Pancreatic Derived Factor
PANDER, also known as Family with Sequence Similarity 3 Member B (FAM3B), is a cytokine that has been implicated in multiple biological processes, among which the best-characterized is its role as a hormone in glucose and lipid metabolism (73). PANDER is a 235-amino acid protein with a secretion signal peptide (74). This protein is secreted together with insulin by pancreatic islet β-cell granules. Similar to insulin release, PANDER secretion also occurs in a Ca2 + influx-dependent manner in pancreatic β cell lines and primary cultured mouse islets (75). PANDER secretion is also induced by glucose and is involved in glucose homeostasis (76, 77). Thus, PANDER could be involved in the regulation of insulin secretion. Recombinant PANDER treatment or PANDER gene overexpression induced pancreatic α and β cell apoptosis (77, 78). In addition, glucose, free fatty acids and pro-inflammatory cytokines were shown to induce PANDER gene expression in pancreatic β cells (79, 80). In pancreatic islets of db/db mice, PANDER mRNA and protein expression were increased. This expression was reversed by rosiglitazone and induced a decrease in hyperglycemia and IR (81). All of these findings indicate that PANDER has deleterious effects on pancreatic β cells under IR or hyperglycemic conditions. However, PANDER knockout mice exhibited impaired GSIS. Isolated islets from these animals also showed blunted insulin secretion when challenged with glucose (82). These observations suggest that PANDER has dual roles in pancreatic β cell functions. Under physiological conditions, PANDER improves insulin secretion, whereas in conditions of IR, an increase in PANDER expression and secretion exerts deleterious effects on pancreatic β cell functions.

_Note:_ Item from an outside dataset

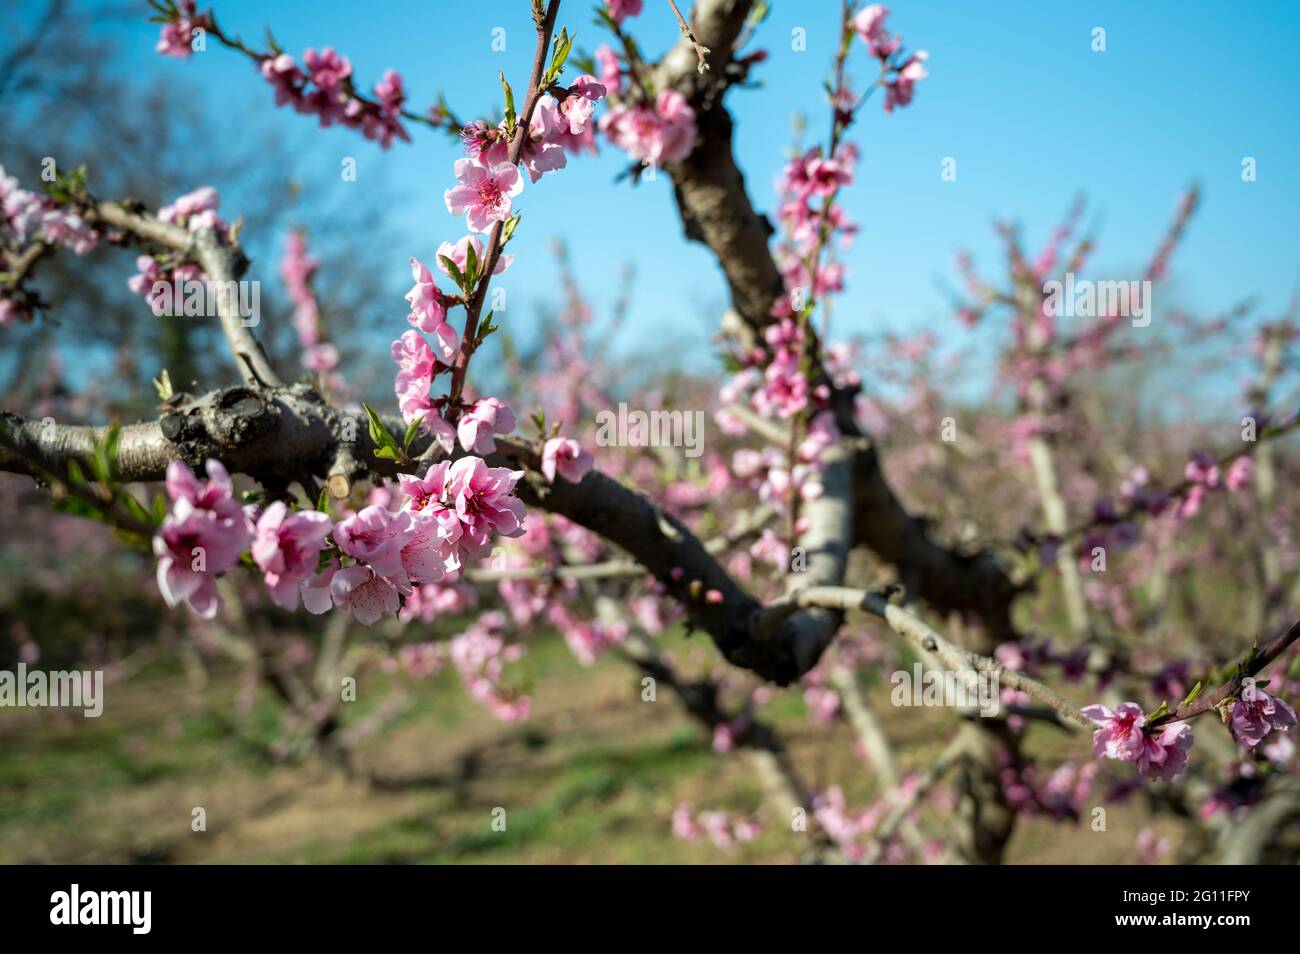 Pink blossoms on a fruit tree within an orchard Stock Photo

Circulating PANDER was increased in patients with metabolic syndrome and could predict the risk of T2D in a Chinese population (83). It has been found that serum PANDER levels are negatively correlated with β-cell function in diabetic patients (84), indicating that PANDER is associated with β-cell dysfunction in these patients. An increase in circulating PANDER levels could be associated with the progression of T2D.
It has been shown that PANDER interacts with some unknown proteins on the liver membrane. In fact, the liver PANDER receptor has still not been identified. PANDER binds to the cell membrane of mouse liver cells and human HepG2 cells, inducing IR (85). In HepG2 cells, pretreatment with PANDER significantly inhibited the activation of insulin-stimulated proteins involved in the insulin signaling pathway (86). Thus, these results suggest that the liver is a novel target for islet-secreted PANDER. Transgenic mice with PDX-1-driven specific overexpression of PANDER in pancreatic β-cells developed fasting hyperglycemia, liver IR and increased steatosis (87). PANDER mRNA and protein expression were increased in the livers of HFD-fed mice and db/db mice. In contrast, hepatic PANDER silencing improved global IR and steatosis in db/db mice (88).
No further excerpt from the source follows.